参道口には、武蔵国一宮と刻まれた石柱と安政3年(1856)の常夜燈が建っている。古くは参道が中山道であったが、氷川神社の神域を通行するのは不敬であるとして、現在の道を開設したという。
参道は2㎞ほどあるので、先に進んでから立ち寄ることにする。

塩地蔵尊と子育地蔵尊 臼倉本陣跡 東光寺 多子稲荷神社
吉敷町交差点を越えて右手にポストのある角を折れると塩地蔵尊と子育地蔵尊がある。写真手前が塩地蔵尊で病に倒れた父親を二人の娘が塩断ちをしてお地蔵さまに祈ったところ父の病が全快したという。
街道脇には、塩地蔵尊と子育地蔵尊のモニュメントが建っている。
大宮駅前の中央通りを渡って、左側すずらん通り角のキムラヤが当初本陣を勤めたといわれる臼倉本陣跡である。
本陣跡として確かな資料は残っていないが、消えかけて判読が難しい立て看板があり、当時からの井戸水であるつくばいの流水として説明されている。
大栄橋交差点の先、右側に東光寺がある。
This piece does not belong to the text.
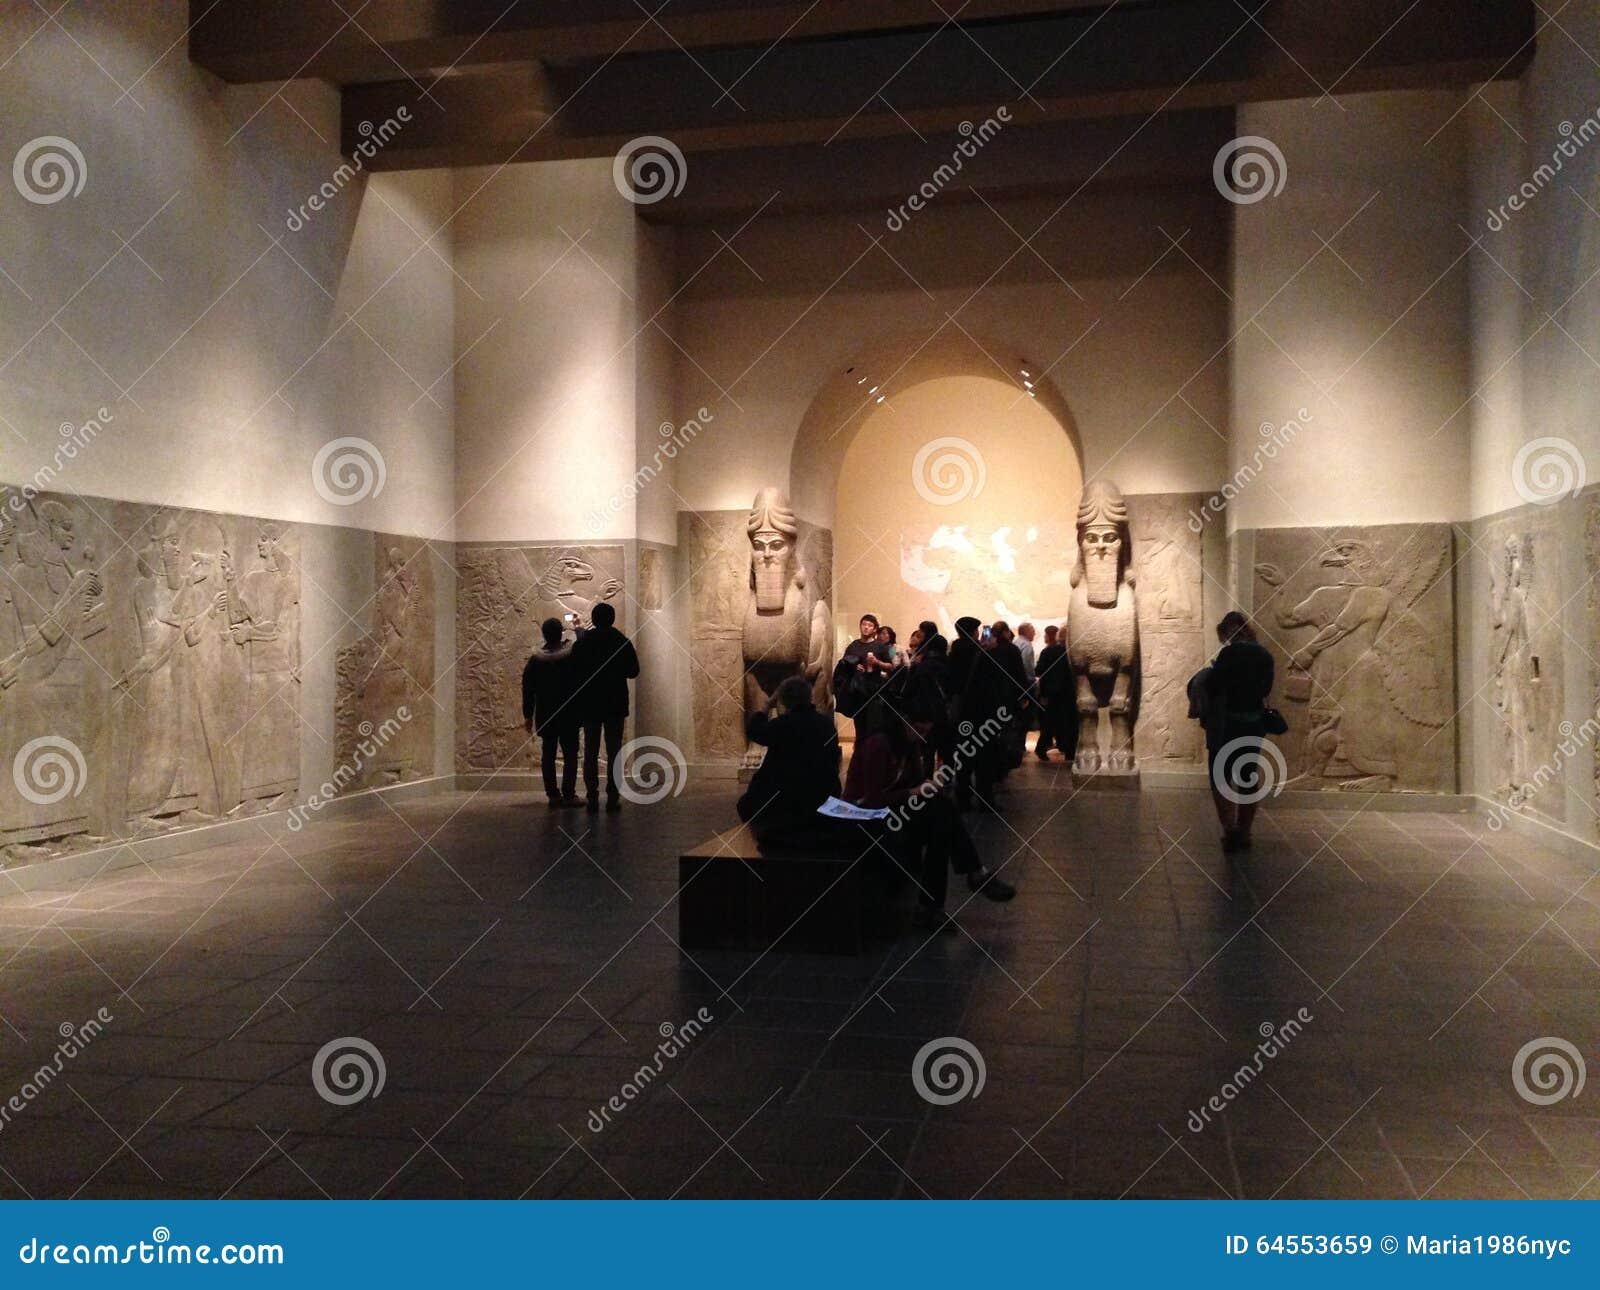 mesopotamia, iraq - assyrian gateway

東光寺は、曹洞宗約15000寺のうち十指に入る北関東の名刹であり、もとは大宮黒塚(氷川神社の東側、現・産業道路脇)にあって、天台宗に属していた。 徳川家光の頃、中山道の整備にともなって現在地に移されている。 JA共済埼玉ビルの先右手の路地を入って行くと突当りに多子稲荷神社がある。
当社は、旧土手宿村の鎮守として祀られてきた神社である。
勧請の時期は定かではないが、京都の伏見稲荷大社の分霊を祀ったものと伝えられ、現在の本殿は天保四年(1833)の建立である。

氷川神社 四恩寺 猿田彦大神 天満宮
多子稲荷神社の先に氷川神社がある。さいたま新都心駅近くから始まる参道に出ると正面に三の鳥居が現れ、神池を渡り、楼門をくぐると、その奥に本殿が鎮座している。拝殿の前には大きな舞殿が建っている。氷川神社は、2000年以上の歴史をもつといわれ、大いなる宮居として大宮の地名の由来にもなった日本でも指折りの古社で、武蔵一宮として関東一円の信仰を集め、初詣には多くの参拝客で賑わっている。 先に進むと北大宮駅の近く(東側)に日蓮宗四恩寺がある。
安産・子宝のお寺といわれており、墓地の脇には、一面六臂の青面金剛の庚申塔が建っている。
四恩寺から東北本線のガードをくぐり直進し、東北・上越新幹線のガード手前のミズノスポーツの向かい側に東大成の庚申塔がある。
江戸時代前期の元禄10年(1697)に建てられ、正面に青面金剛像・二鶏・三猿が浮き彫りされている。
東北・上越新幹線のガードを越えて1.2㎞程進むと、大宮宮原郵便局の斜向かいのT字路角地に天満宮がある。ここは、菅原道真を祀る小さな祠が傍らに鎮座する石橋であったことから当時その名で呼ばれた 「天神橋」 があり、このあたりが加茂宮村の中心的集落であった。
ここには立場茶屋が置かれ、天神橋の立場(たてば)と呼ばれていた。天満宮の手前の道端に宝暦9年(1759)の銘がある「橋供養塔」が建っている。

庚申塔 加茂神社 センダンの木 南方神社
天満宮の先の天神橋バス停の前の民家の塀に張り付くように庚申塔が建っている。
元禄3年(1690)で青面金剛像・二鶏・三猿が浮き彫りにされている。
庚申塔から250m程先右手に加茂神社がある。祭神は、五穀豊穫と子孫繁栄の神を意味する別雷命(わけいかずちのみこと)である。この神社は、天正10年(1582)の文書で加茂宮と記載されている古社であり、山城の国、賀茂別雷(かもわけいかずち)神社から勧請したと伝えられる。
文政10年(1827)8月御遷宮本社再建立と刻まれた石灯篭もある。
加茂神社を過ぎて新大宮バイパスの下をくぐって直ぐさいたま市立三原小学校があるが、その敷地内に樹齢100年のセンダンの木が立っている。
5月~6月にかけて淡紫色の美しい香気のある五弁花をつけ、10月には果実が成熟し、黄褐色となり下垂する。
宮原町から吉野町に入って直ぐ右手に南方神社がある。南方神社は、旧吉野村の鎮守で諏訪社とも呼ばれたが、明治40年頃、近隣にあった雷電社、八雲社、稲荷社を合祀した。
社名 「南方」 は建御名方命にちなむものであるとともに、諏訪湖をあらわす 「水潟」 にゆかりがあるという。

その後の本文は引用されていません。